The photographs document the creative process and show the different stages of modelling the costume’s silhouette. The prototypes are then dismantled, since they will be used as patterns for the realisation of the definitive models.
The costumes are constructed in order to immediately create a strong visual effect. They are beautifully made with a special concern for colour and detail.
I improvise with a variety of materials: vintage fabrics, paper cut-outs, wooden piano keys, Christmas garlands, toothpicks, table sets, plastic bags… these are assembled by means of different techniques.
By using simple materials with a maximum of inventivity, I try to create sumptuous garments. The costumes then serve as mediums to incarnate and perform a gallery of imaginary characters. Artificial beings, androgynous creatures, that evoke a dreamlike world where the border between the human realm and the supernatural is blurred.

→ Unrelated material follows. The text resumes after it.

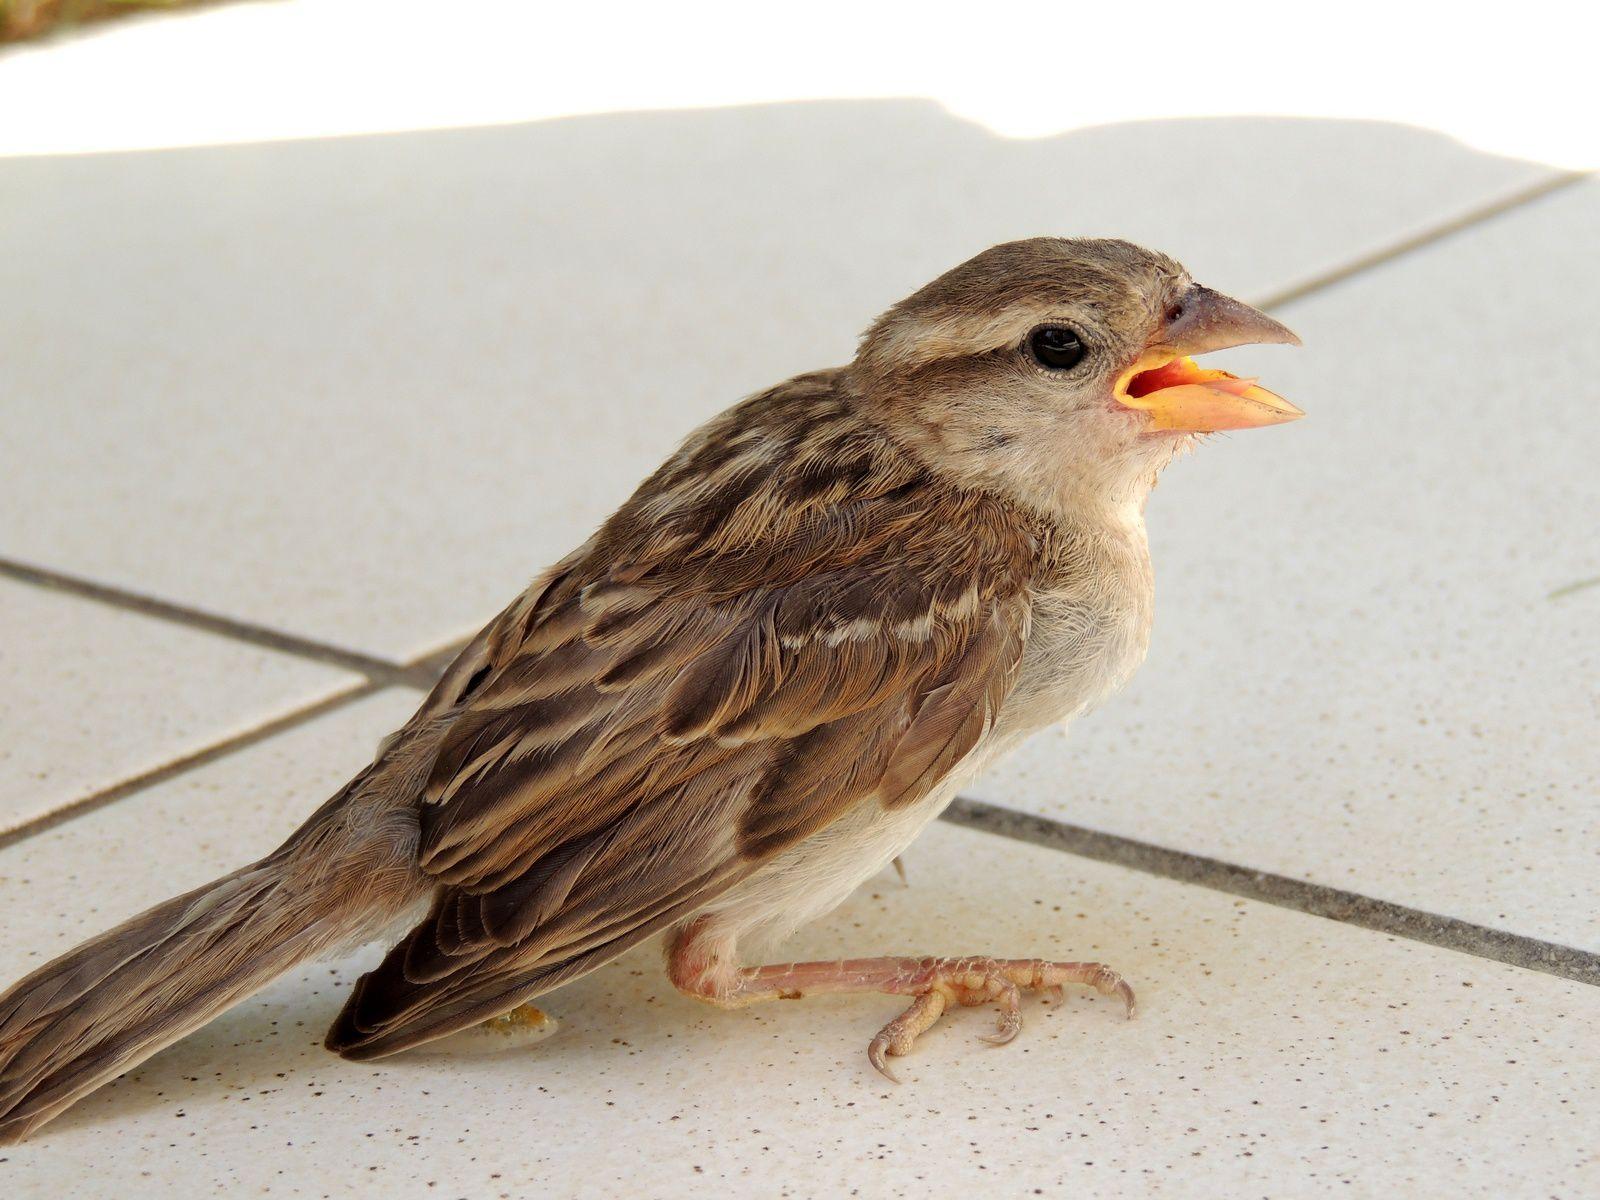 pauvre petit oiseau - poor little bird

Combining stylistic elements from Mannerism and Baroque with contemporary and organic elements, I also play with court and ecclesiastical costume elements, along with masculine and feminine forms.
My characters are brought to life during performance pieces, where the main focus is the representation of the moment when imagination is “embodied”, and when the material world accesses the fantasy world.
I like to invite other artists from different disciplines on the setting of my performance pieces; for example, I have been collaborating with the past few years with the sound designer Jae-Ho Youn. The hypnotic effect of his music perfectly suits to the atmosphere I aim to convey during the performances. Moreover, I often work with a dancer/choreographer in order to develop the posture and the movements of the beings that I incarnate.